EXERCISE AIM – Copy the lines of the data below exactly, starting at the first and stopping after the line that contains "Complaints and Appeals Board Bulletin"; include no pictures.

RECORDED DATA Block Start

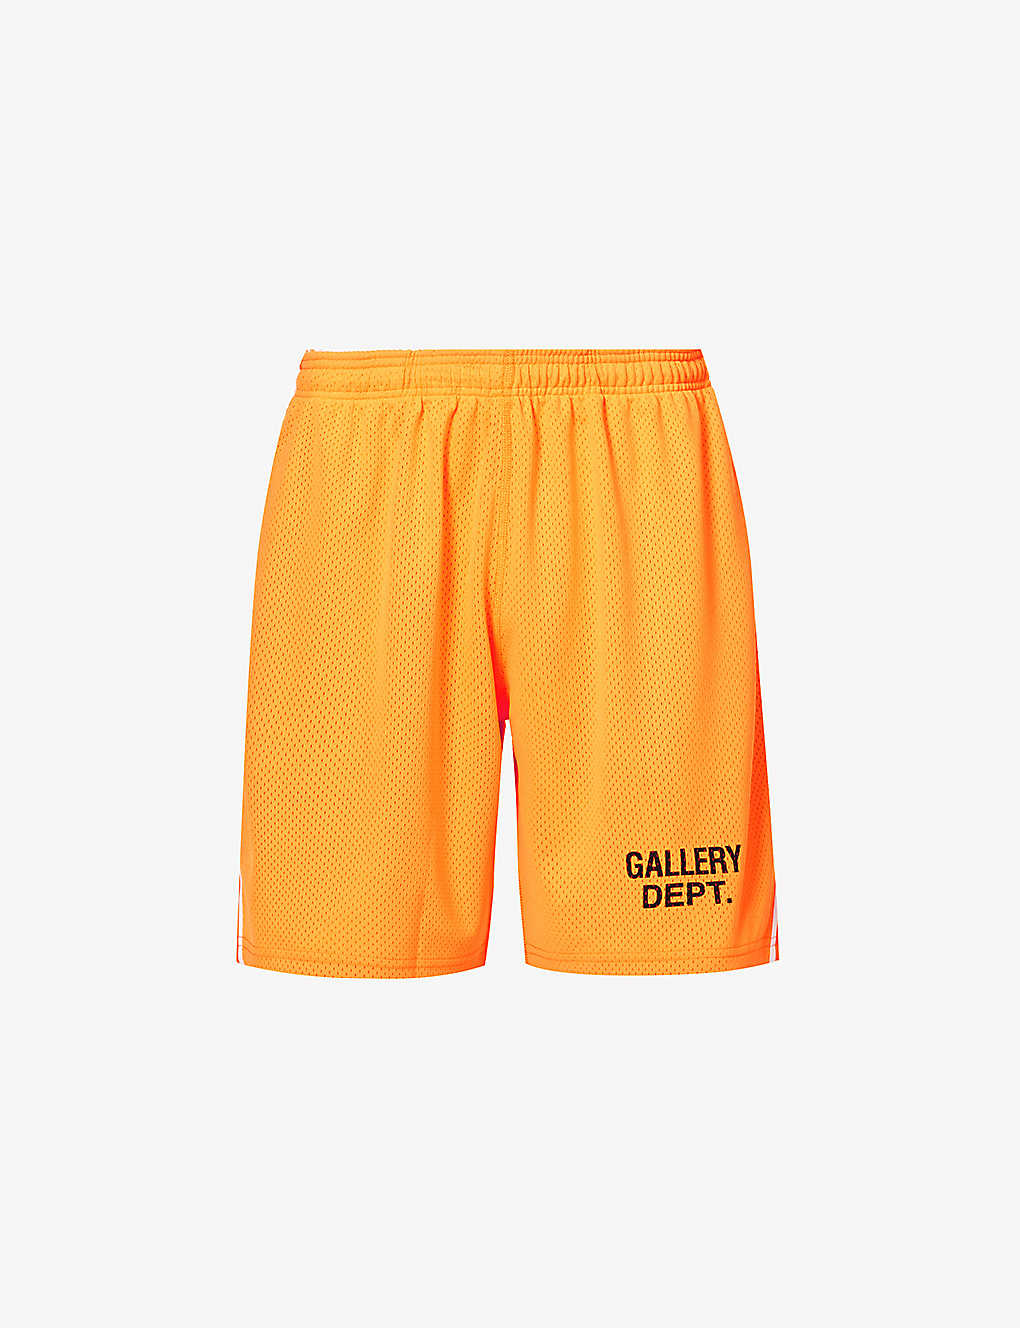 Gallery Dept. Sports Shorts In Gold Yellow
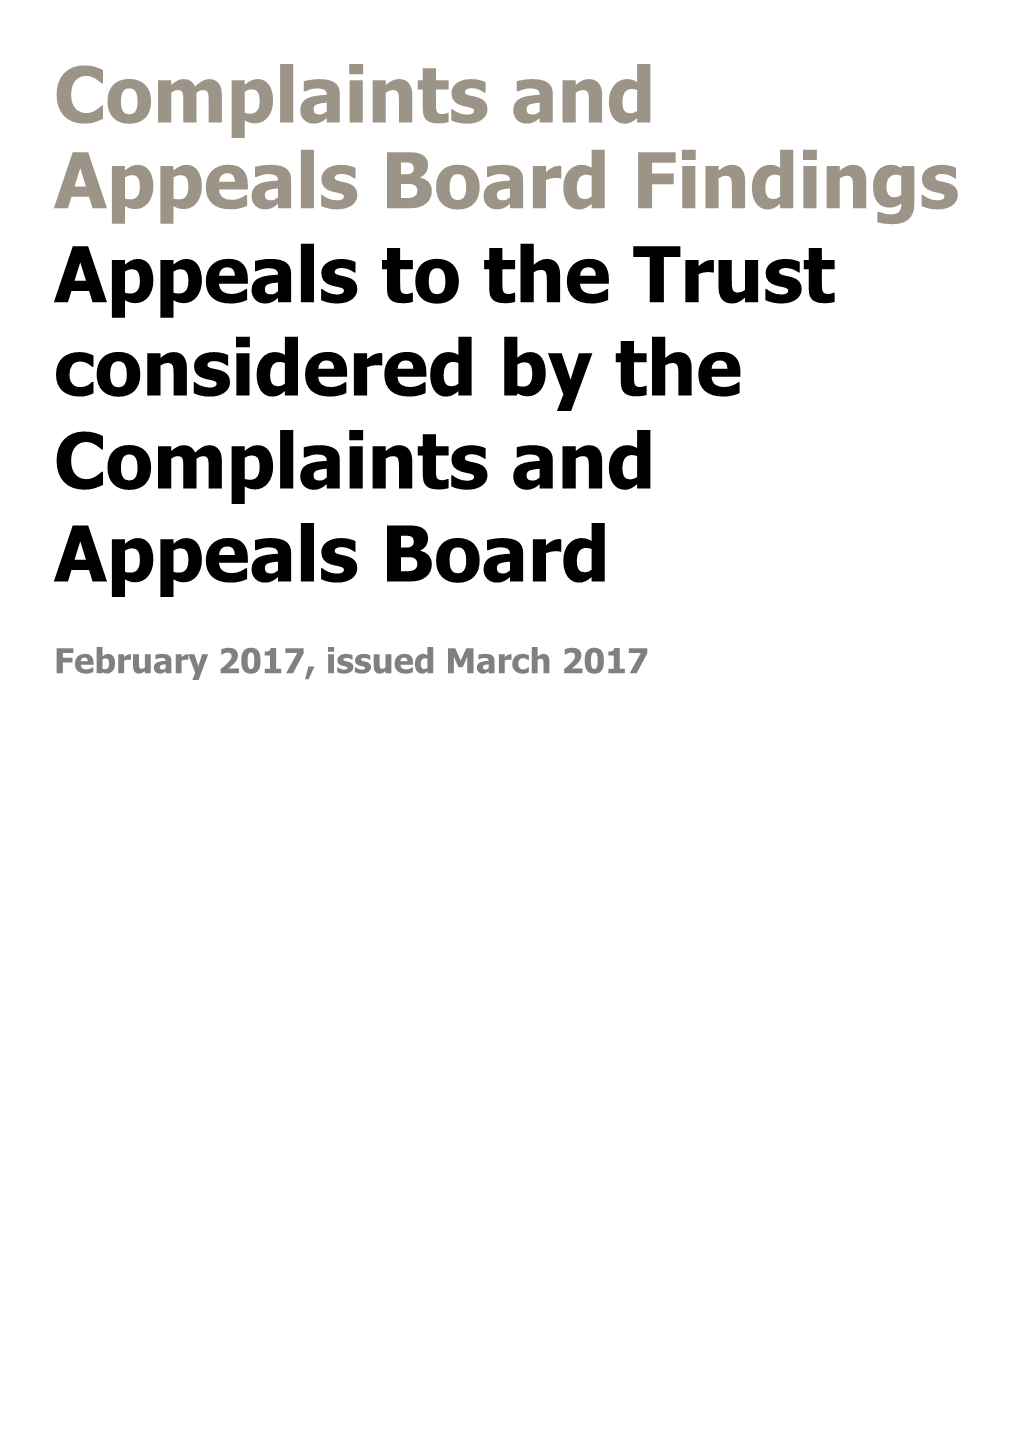 Complaints and Appeals Board Bulletin
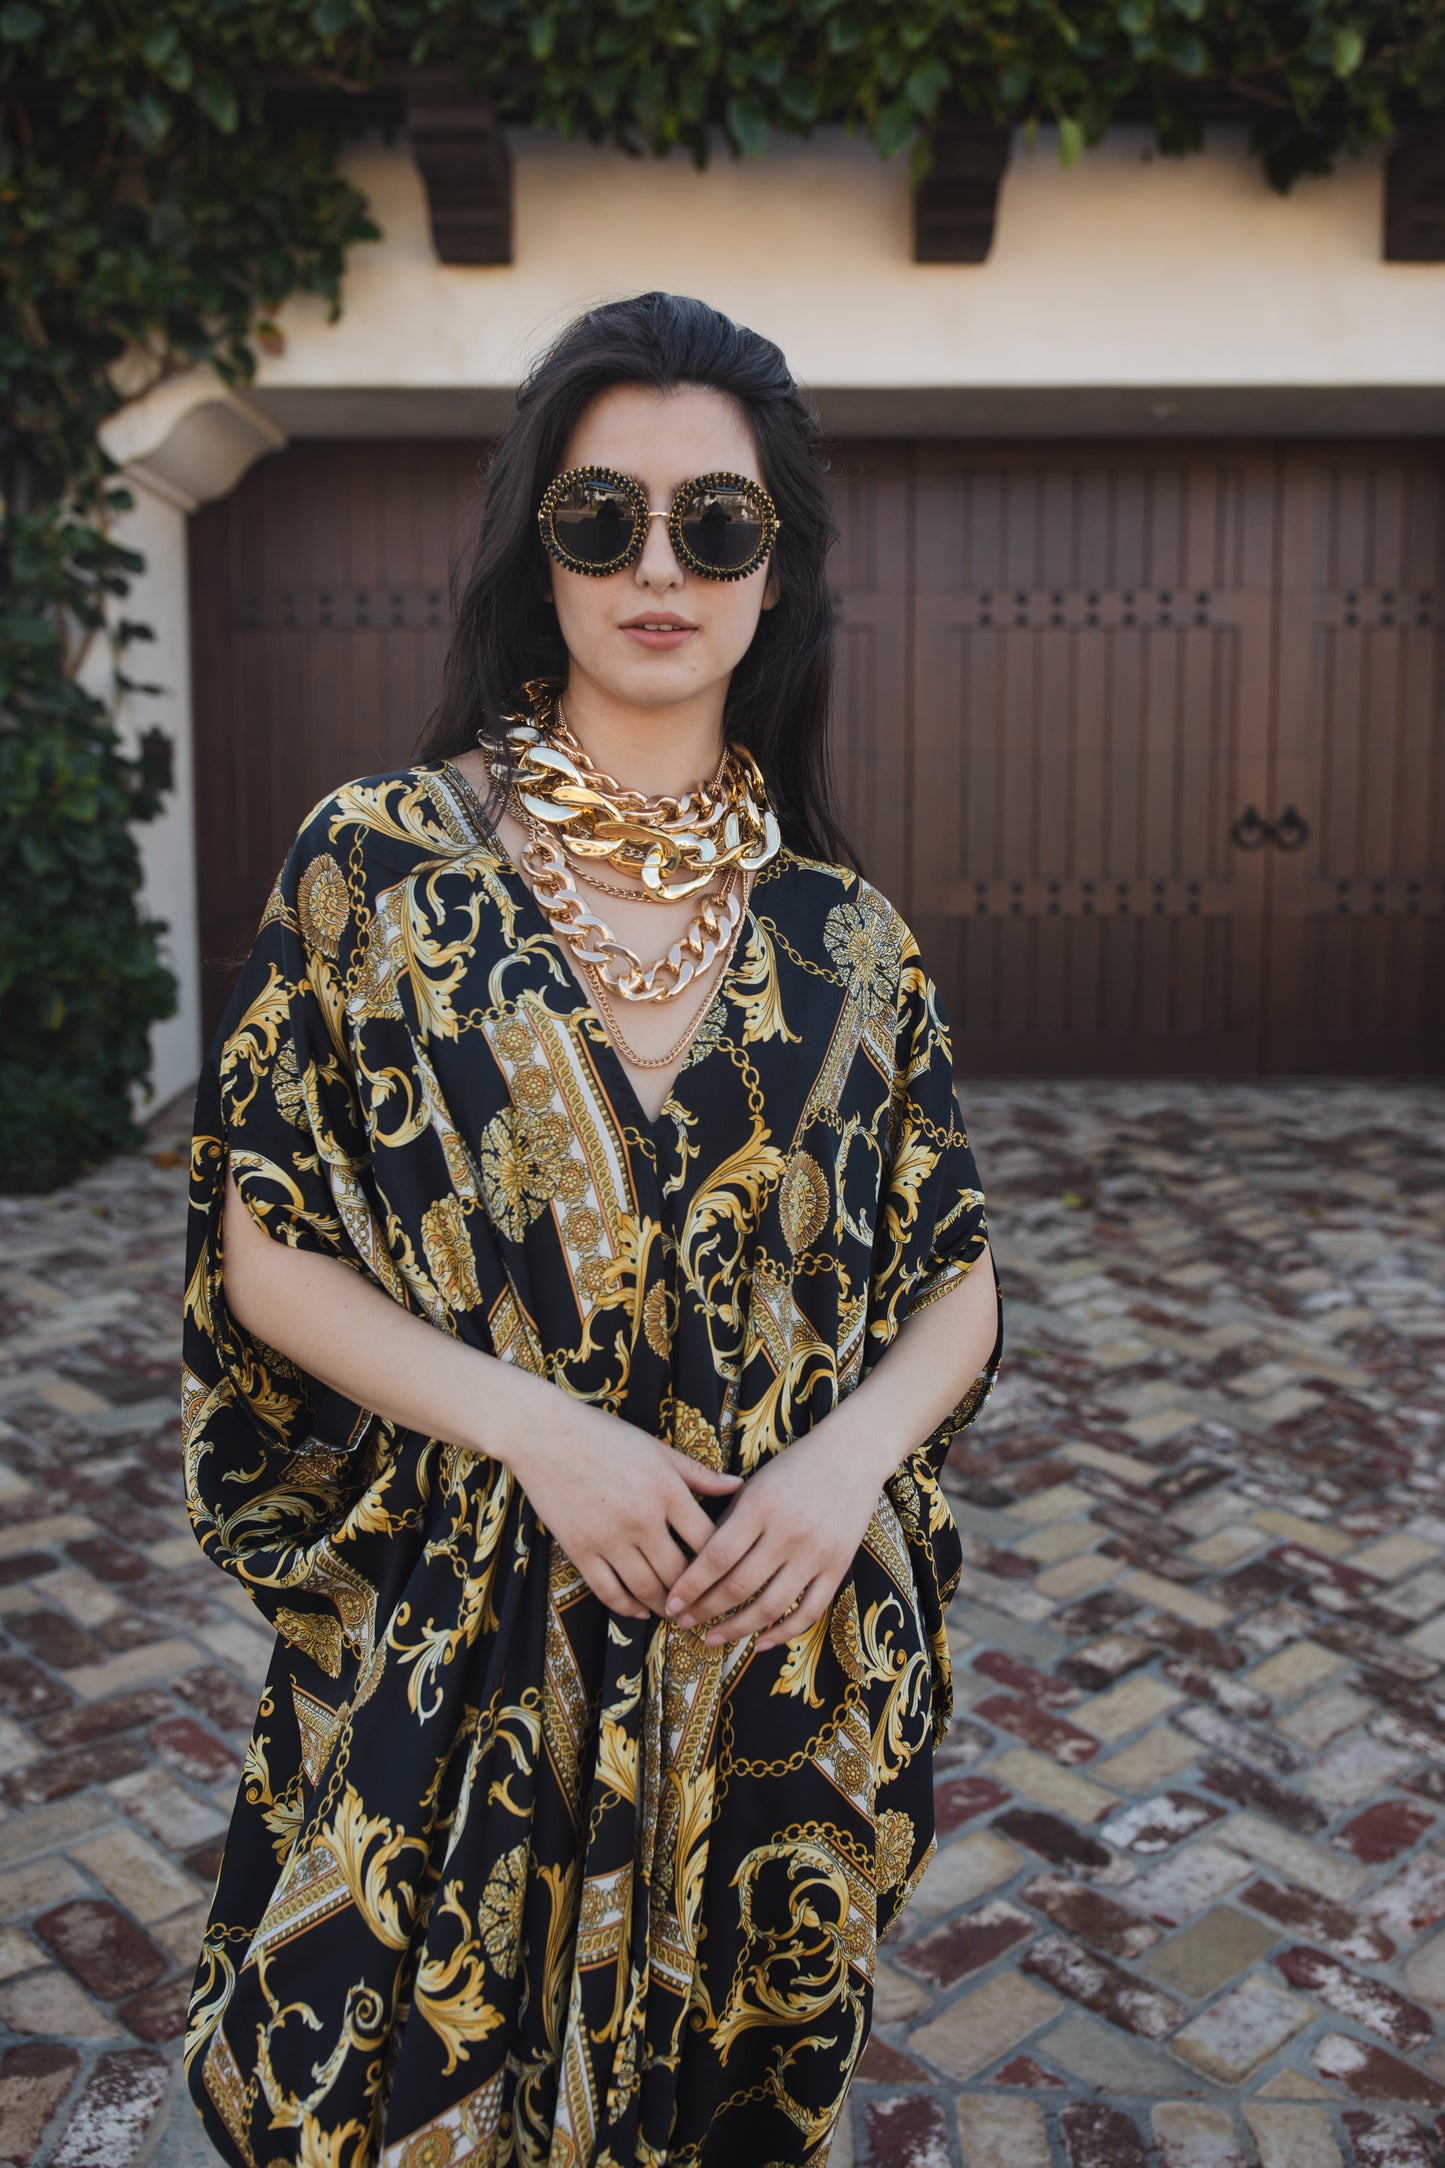 Opaque black caftan dress featuring yellow gold ornamental filigree patterned design. Featuring a deep v-neckline, short batwing sleeves, and an ankle-length hem. This caftan is a voluminous garment that gives a flowy silhouette that drapes beautifully on all shapes.
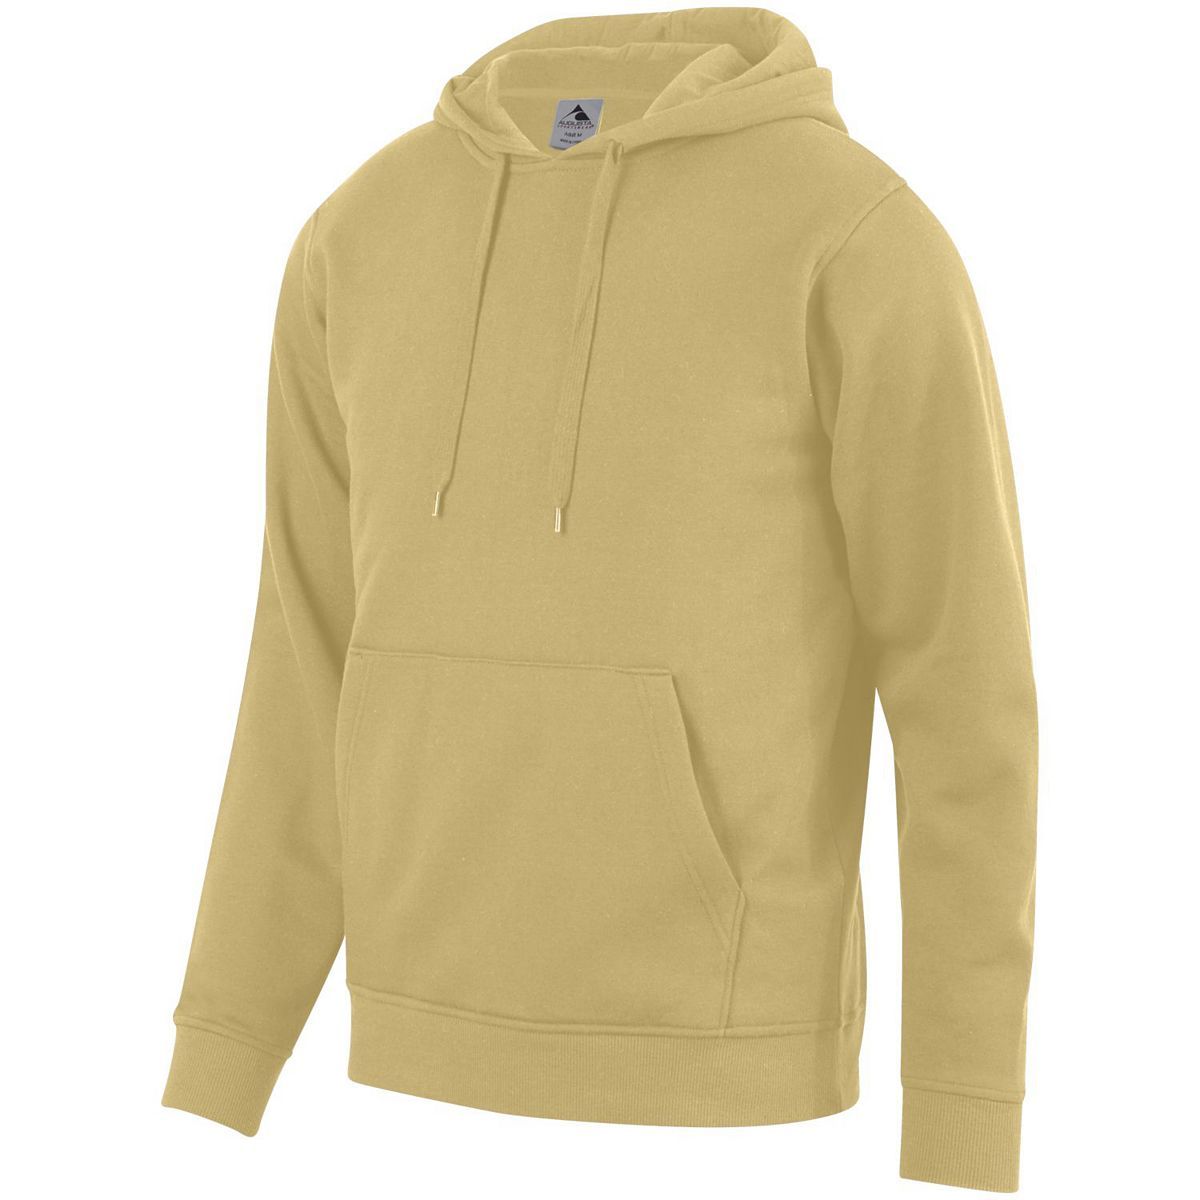 Augusta Sportswear Youth 60/40 Fleece Hoodie in Vegas Gold  -Part of the Youth, Youth-Hoodie, Hoodies, Augusta-Products product lines at KanaleyCreations.com

RECORDED DATA Block End

YOUR RESPONSE –
 Gallery Dept. Sports Shorts In Gold Yellow
 Complaints and Appeals Board Bulletin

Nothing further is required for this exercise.